Bewässerungssystem aus Heilbronn

Start-up will Wasser beim Gießen sparen

Wasser wird zunehmend zum raren Gut, auch hierzulande. Dank Sensoren und Steuerungen kann ein Start-up aus Heilbronn den Wasserverbrauch im Garten deutlich reduzieren.

Bodensensoren messen Feuchtigkeit und Temperatur im Boden und übermitteln die Daten dann per Bluetooth.

© Hide and Grow

Bodensensoren messen Feuchtigkeit und Temperatur im Boden und übermitteln die Daten dann per Bluetooth.

Von Ulrich Schreyer

Im Sommer müssen Gärtner und Kommunen möglicherweise wieder sprenkeln, was das Zeug hält. Verschwendet werden sollte möglichst nichts. Nicht nur der Deutsche Städtetag hat dazu aufgerufen, Wasser zu sparen. „Wasser wird ein knappes Gut“, sagt auch Reiner Bierig, der Geschäftsführer des Verbandes Garten-, Landschafts- und Sportplatzbau in Baden-Württemberg. „Gezielt, dosiert, bedarfsgerecht“ sollte es den Pflanzen zur Verfügung gestellt werden, meint Bierig.

Genau dies bietet das Start-up Hide and Grow aus Heilbronn an. Wachsen (grow) sollen die Pflanzen, und versteckt wird (hide), was die Wassermenge für Blumen, Beeren und Bäume reguliert– Sensoren. Diese messen Feuchtigkeit und Temperatur im Boden.

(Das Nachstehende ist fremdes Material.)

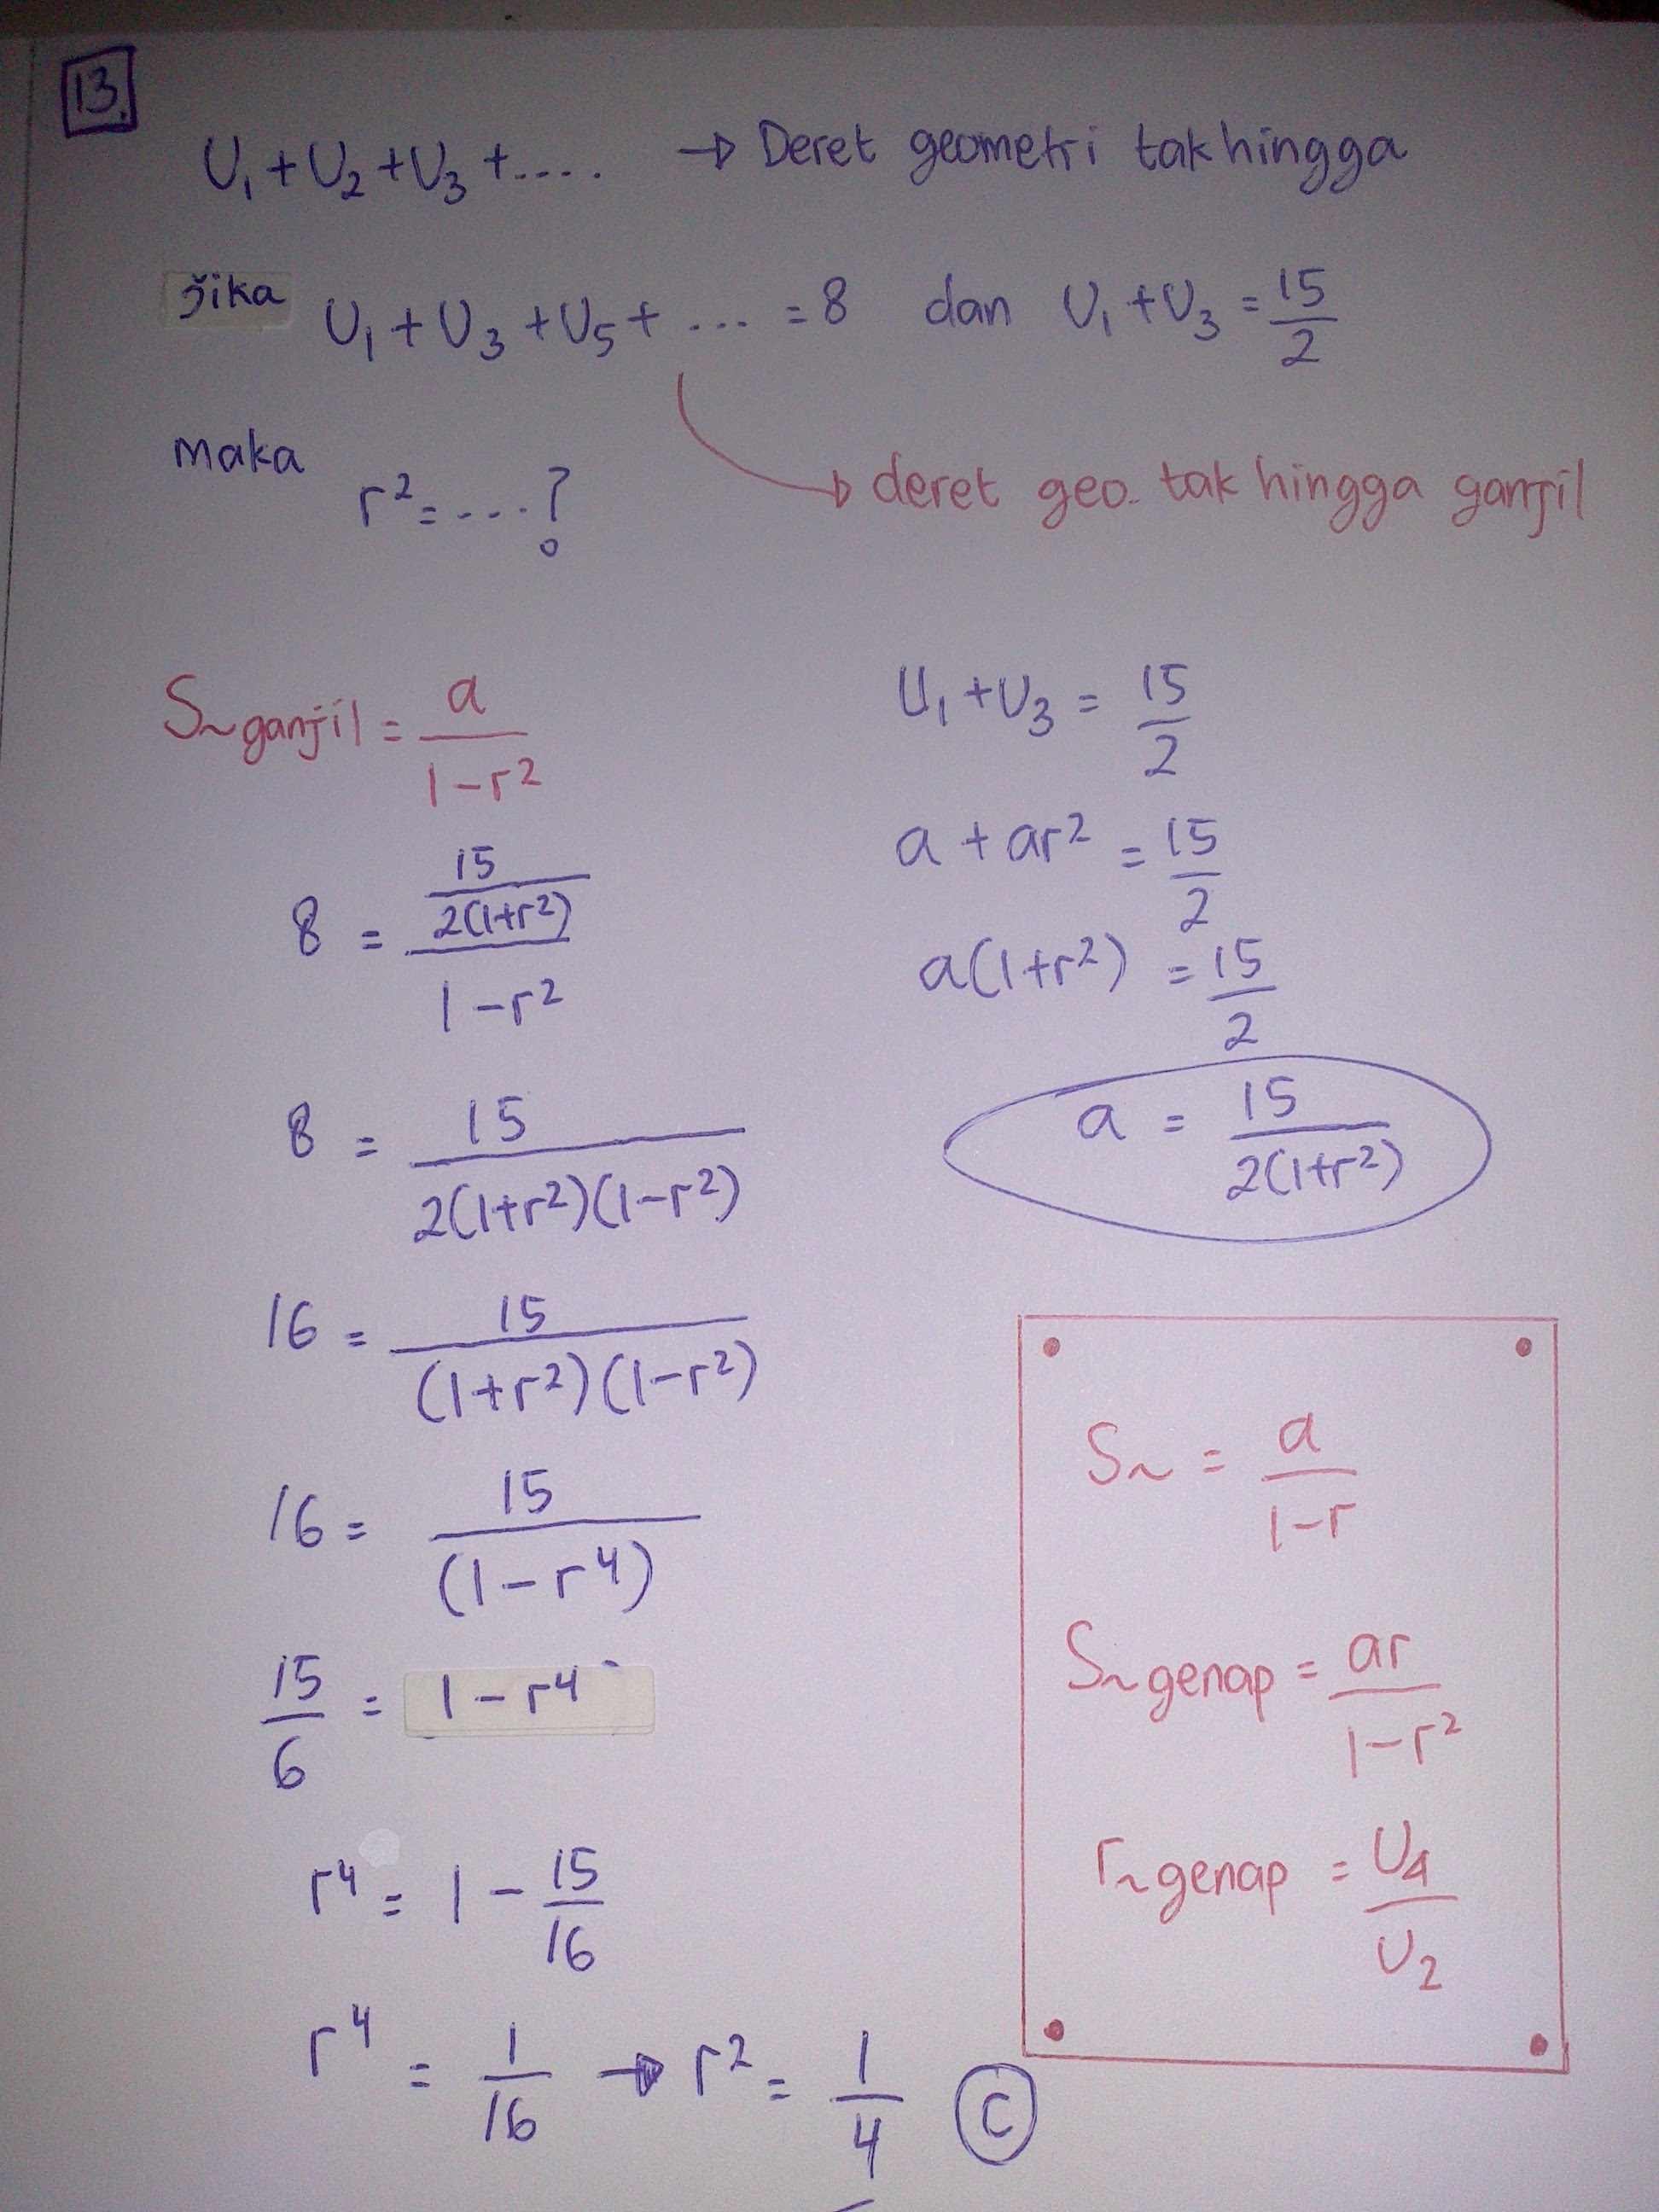 Contoh Soal Sbmptn Matematika Dasar Kumpulan Soal Pelajaran 10

Als Fiona Sailer ihr Start-up im Dezember 2022 gründete, betrat die 31-jährige Jungunternehmerin Neuland. Bei Jung Electronic in Heilbronn, wo Sailer als Projektmanagerin tätig war, sollte der Fabrikhof neu angelegt werden. In Gesprächen mit dem Landschaftsgärtner Jose Soares aus Bad Rappenau wurde schnell klar, dass es in der Bewässerungsbranche noch vieles zu verbessern gibt. In Gärten und Grünanlagen werden meist Zeitschaltsysteme eingesetzt. Diese liefern zur fest eingestellten Stunde Wasser, oft in rauen Mengen.

Mit Bluetooth und Computer

Wie viel tatsächlich benötigt wird, spielt dabei keine Rolle. Anders bei Hide and Grow. Hier teilt der Sensor etwa über Bluetooth einem Computer mit, ob und wie viel Wasser eine Pflanze braucht, dann öffnet sich ein Ventil. Dies kann auch am Tablet oder mit dem Handy geschehen, eine App ist in Planung. Über Tropfschläuche oder Sprenkler wird die Flüssigkeit dann verteilt. Sinnvoll bei Schlauchleitungen kann sein, eigene Wasserkreisläufe für Pflanzen mit geringem Verbrauch wie Lavendel oder solche mit großem Bedarf, etwa Rhododendron, zu verlegen.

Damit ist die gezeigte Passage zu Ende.